The first case is already treated in detail in Huré (2022), where it is shown that there are two families of solutions. The first is when rotations are synchronous, or ${\mathrm{\Omega }}_1={\mathrm{\Omega }}_2$. This requires that the core-envelope interface is a surface of constant pressure (type-C solutions). The mass-density jump is not free (see Eq. (11) below). The second is when rotations are asynchronous, or ${\mathrm{\Omega }}_1\ne {\mathrm{\Omega }}_2$. The gas pressure at the surface of the core varies quadratically with the cylindrical radius, R (type-V solutions), and α is a free parameter.
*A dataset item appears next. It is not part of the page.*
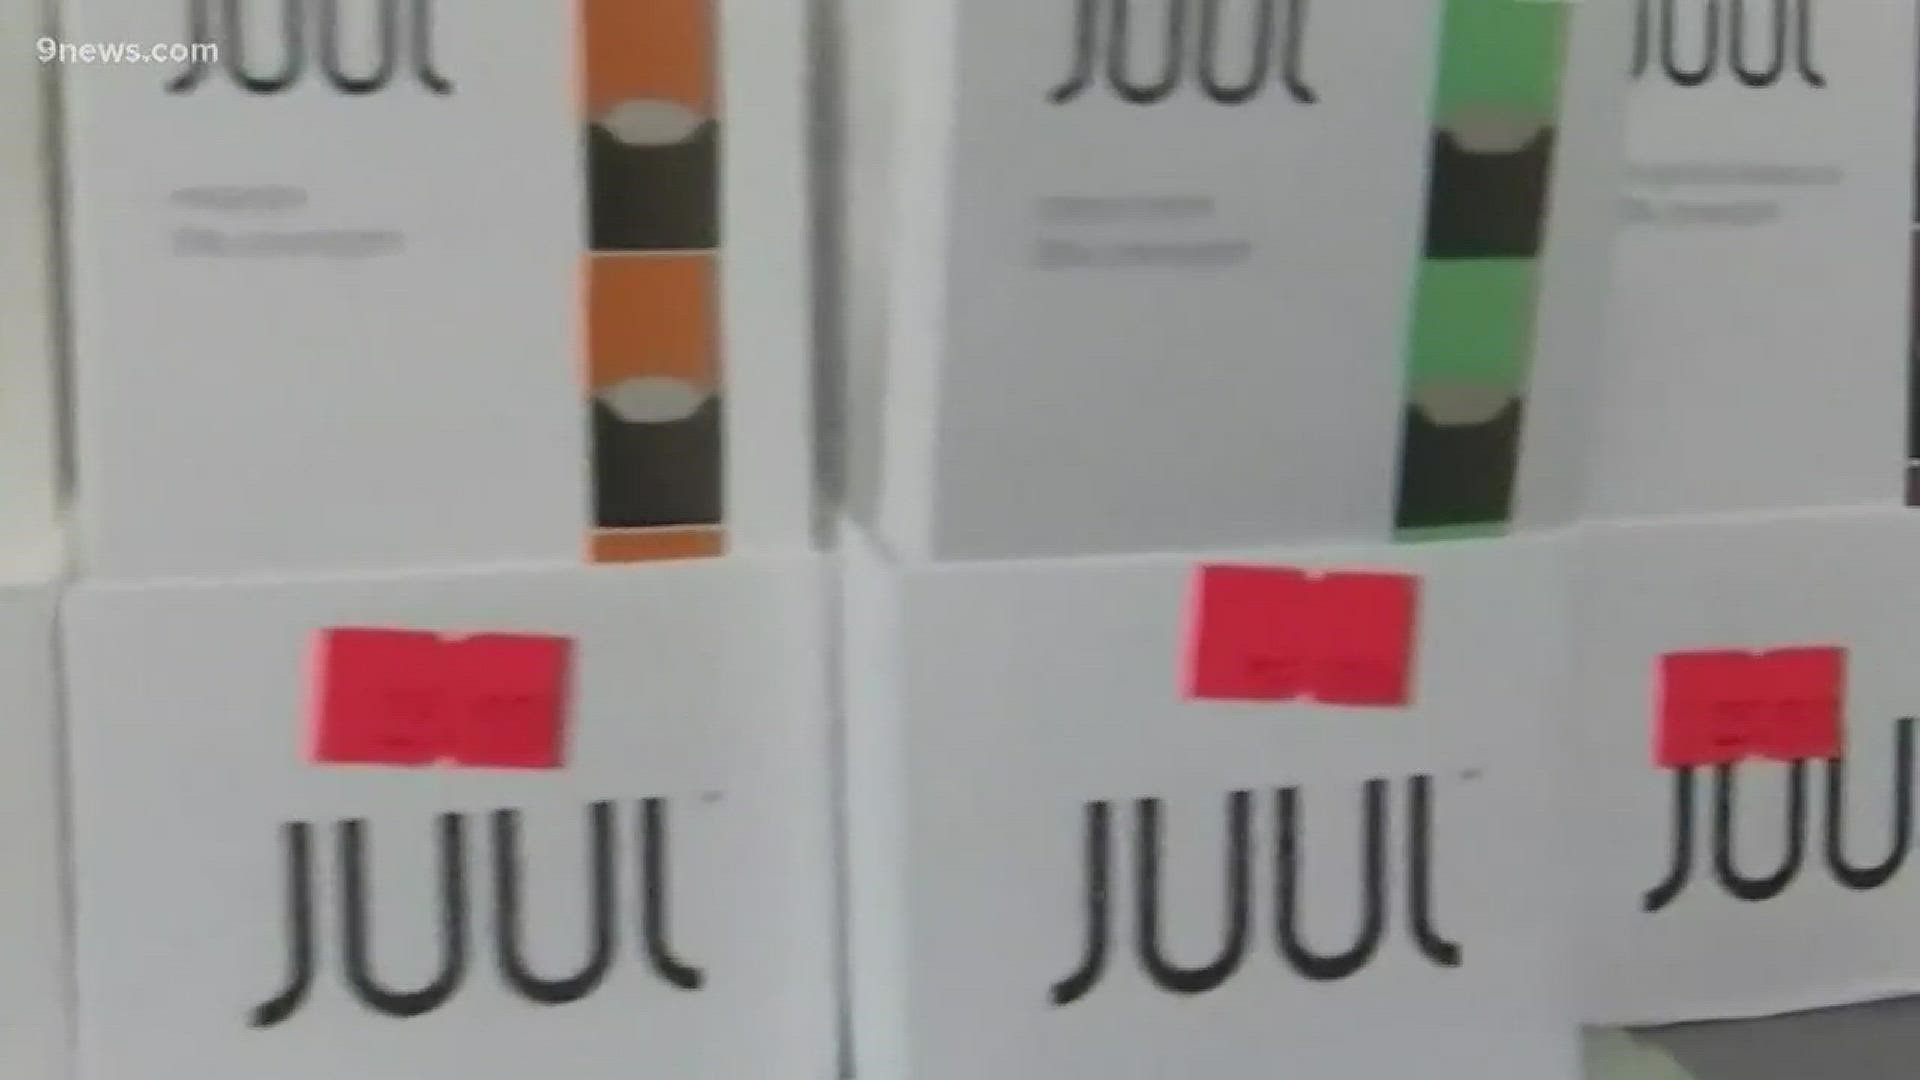 America's top e-cigarette maker is going to stop selling flavored 'pods' for their Juuls - but even ahead of that Colorado Quitline can now be used by kids as young as 12. E-cigs are to blame.

In the next section, we examine the mathematical conditions required for the existence of OP, PO, and PP configurations. Throughout this work, we assume α > 1 (i.e. the core is denser than its envelope), as this is the case in most problems. However, the case α < 1 is treated in Appendix A. The results of the two cases are largely the same; only the conditions of positivity of the ${\mathrm{\Omega }}_i^2$’s differ (see below).

4. The conditions of positivity of the ${\mathrm{\Omega }}_i^2$’s

The main constraint is that the rotation rates for the two layers must both be real numbers. From Eqs. (1a) and (1b), requiring that ${\mathrm{\Omega }}_i^2\ge 0$ leads to the following set of inequalities:

$$\begin{array}{c}\hfill \{\begin{array}{c}[2+5(\alpha -1)q^3]{\epsilon }_2^2\ge 3(\alpha -1)q^5{\epsilon }_1^2,\hfill \\ [2+(\alpha -1)(5q^3-3)]{\epsilon }_2^2\ge (\alpha -1)[3q^5-2\alpha -3]{\epsilon }_1^2,\hfill \end{array}\end{array}$$(2)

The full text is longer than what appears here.